The following node is available in the Open Source KNIME predictive analytics and data mining platform version 2.7.1. Discover over 1000 other nodes, as well as enterprise functionality at http://knime.com.

Linear Correlation

Calculates for each pair of selected columns a correlation coefficient, i.e. a measure of the correlation of the two variables.

Which correlation measure is applied depends on the types of the underlying variables:
numeric <-> numeric: Pearson's product-moment coefficient. Missing values in a column are ignored in such a way that for the computation of the correlation between two columns only complete records are taken into account.

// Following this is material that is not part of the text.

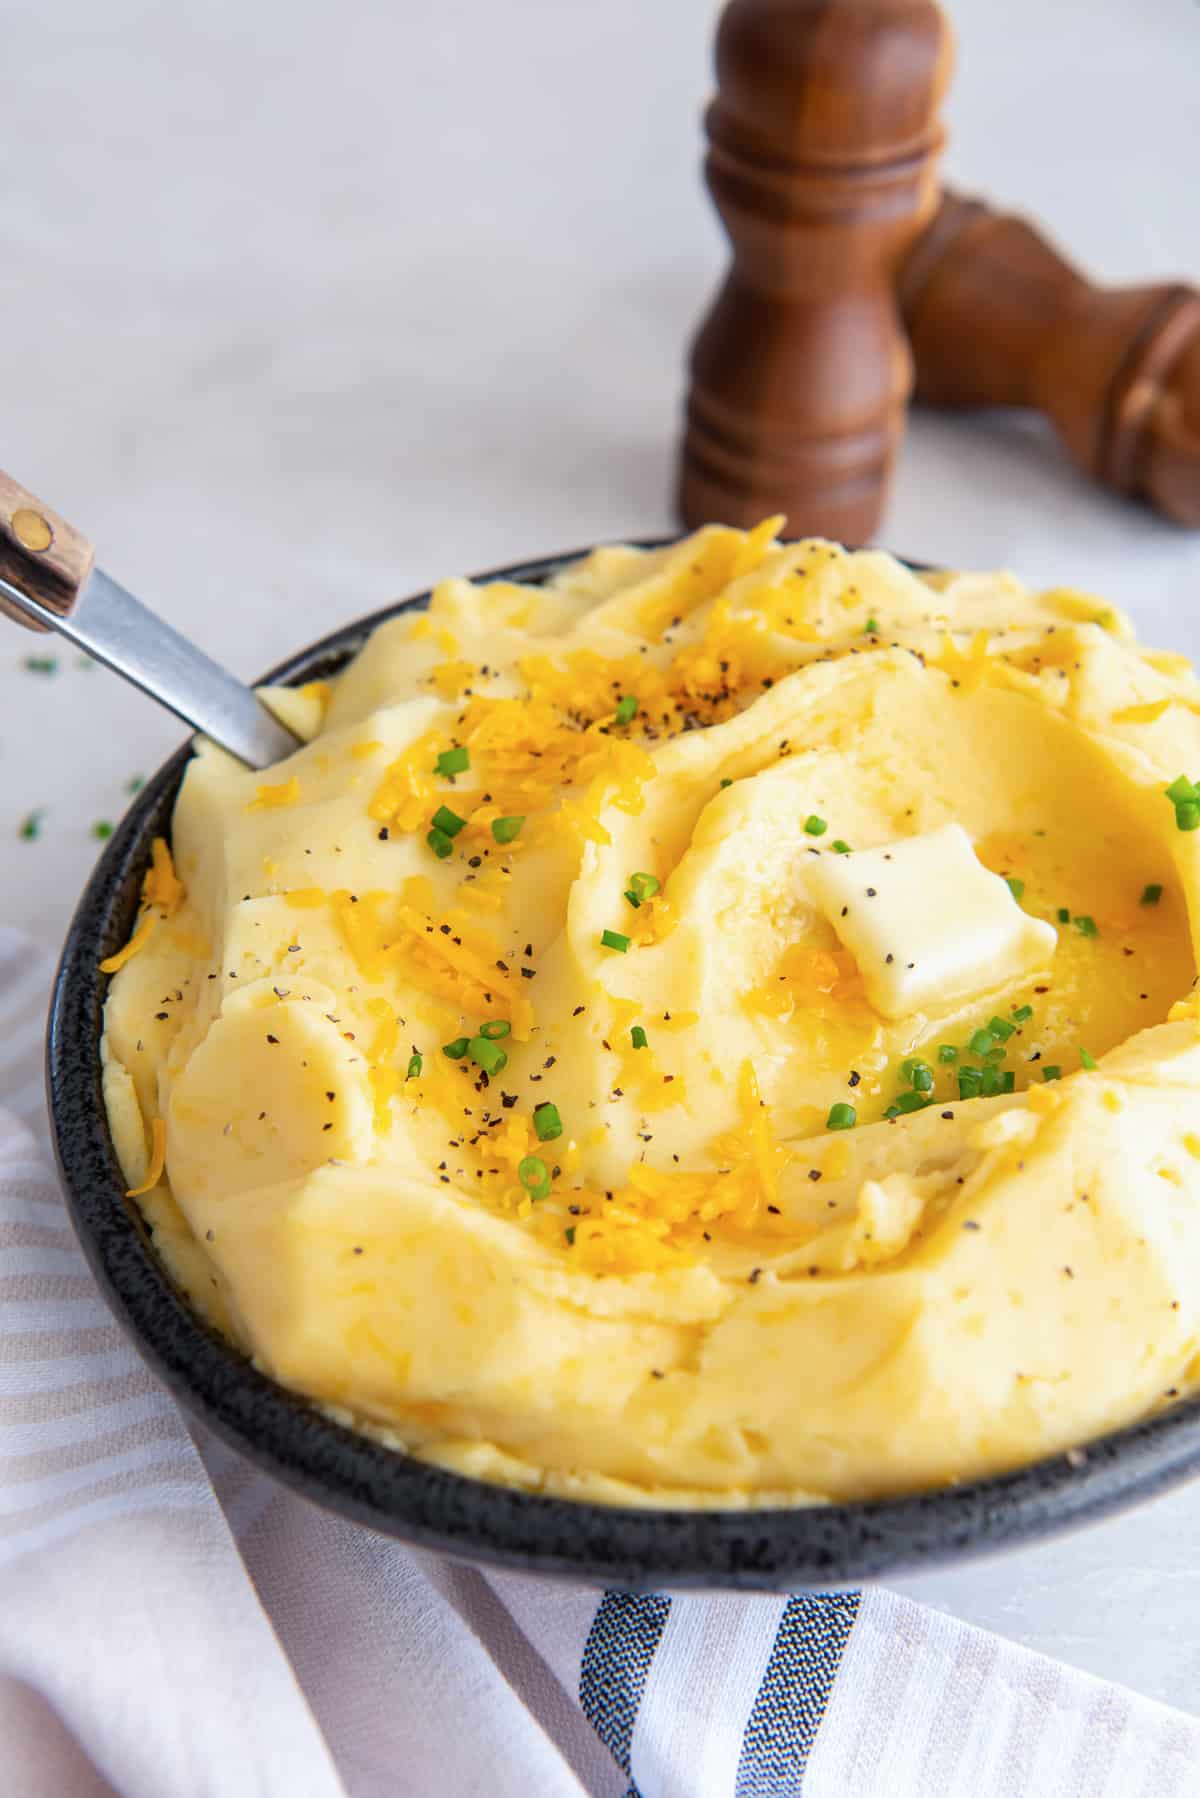 Mashed potatoes with cheese in a dark bowl with a serving spoon.

For instance, if there are three columns A, B and C and a row contains a missing value in column A but not in B and C, then the row will be ignored for computing the correlation between (A, B) and (A, C). It will not be ignored for the correlation between (B, C). This corresponds to the function cor(<data.frame>, use="pairwise.complete.obs") in the R statistics package.
The value of this measure ranges from -1 (strong negative correlation) to 1 (strong positive correlation). A value of 0 represents no linear correlation (the columns might still be highly dependent on each other, though).
nominal <-> nominal: Pearson's chi square test on the contingency table. This value is then normalized to a range [0,1] using Cramer's V, whereby 0 represents no correlation and 1 a strong correlation. Missing values in nominal columns are treated such as they were a self-contained possible value. If one of the two columns contains more possible values than specified in the dialog (default 50), the correlation will not be computed.
Correlation measures for other pairs of columns are not available, they are represented by missing values in the output table and crosses in the accompanying view.

Dialog Options

Column Filter
Include
This list contains the column names for which correlation values shall be computed.
Enforce Inclusion
Select this option to enforce the current inclusion list to stay the same even if the input table specification changes. New columns will automatically be added to the exclusion list.
Select
Use these buttons to move columns between the Include and Exclude list.
Search
Use one of these fields to search either within the Include or Exclude list for certain column names or name substrings. Repeated clicking of the search button marks the next column that matches the search text. The check box 'Mark all search hits' causes all matching columns to be selected making them movable between the two lists.
Exclude
This list contains the column names of the input table that are left out of the calculation.
Enforce Exclusion
Select this option to enforce the current exclusion list to stay the same even if the input table specification changes. New columns will automatically be added to the inclusion list.
Possible Values Count
Select an upper bound for the number of possible values for each of the nominal columns. If more values are encountered in a nominal column, the column will be ignored (no correlation values will be computed).

Ports

Input Ports
0 Numeric input data to evaluate
Output Ports
0 Correlation variables in a square matrix
1 A model containing the correlation measures. This model is appropriate to be read by the Correlation Filter node.

Views

Correlation Matrix
Squared table view showing the pair-wise correlation values of all columns. The color range varies from dark red (strong negative correlation), over white (no correlation) to dark blue (strong positive correlation). If a correlation value for a pair of column is not available, the corresponding cell contains a missing value (shown as cross in the color view).
This node is contained in KNIME Base Nodes provided by KNIME GmbH, Konstanz, Germany.